Rutgers Graduate School of Biomedical Sciences
- Type: Public
- Established: 1956
- Dean: Jeffery DiGiovanni
- Location: Newark and Piscataway, New Jersey, United States
- Campus: Urban and Suburban;
- Website: http://gsbs.rutgers.edu

= Rutgers Graduate School of Biomedical Sciences =

School in Newark and Piscataway, New Jersey, US

The Graduate School of Biomedical Sciences (GSBS; formerly UMDNJ-GSBS) was one of the schools of the University of Medicine and Dentistry of New Jersey (UMDNJ).

Following the enactment of the New Jersey Medical and Health Sciences Education Restructuring Act and the dissolution of UMDNJ on July 1, 2013, the GSBS programs at Newark and Piscataway became part of the newly established Rutgers Graduate School of Biomedical Sciences, while the Stratford-based programs became part of the Rowan University Graduate School of Biomedical Sciences.

The school offered graduate education and research training in the biomedical sciences at campuses in Newark, Piscataway, and Stratford, New Jersey.
== History ==

The Graduate School of Biomedical Sciences (GSBS) was established in 1956 and became one of the eight schools of the University of Medicine and Dentistry of New Jersey (UMDNJ). The school offered graduate education and research training in the biomedical sciences at campuses in Newark, Piscataway, and Stratford.

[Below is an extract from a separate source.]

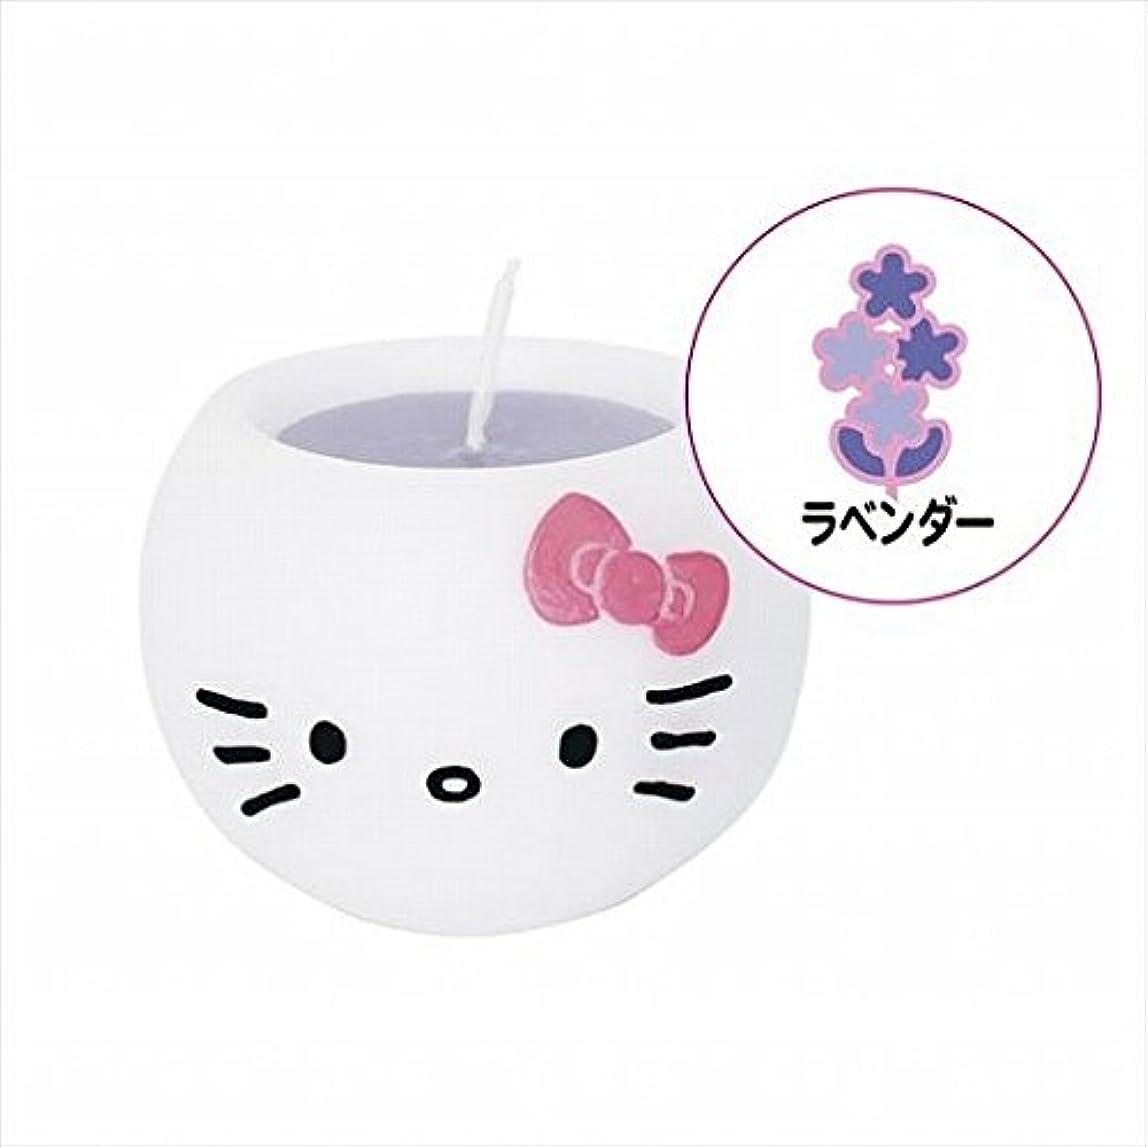 クーポンなめる事前にkameyama candle(カメヤマキャンドル) ハローキティアロマキャンドル 「 ラベンダー 」 キャンドル 58x58x45mm (A6980520)

As part of the reorganization of New Jersey's public higher education system, UMDNJ was dissolved on July 1, 2013. The GSBS programs at Newark and Piscataway were transferred to Rutgers University and became the Rutgers Graduate School of Biomedical Sciences, while the Stratford programs became part of the Rowan University Graduate School of Biomedical Sciences.

In 2017, the Rutgers Graduate School of Biomedical Sciences was merged with the Graduate School-New Brunswick to form the Rutgers School of Graduate Studies, consolidating graduate education programs across the university.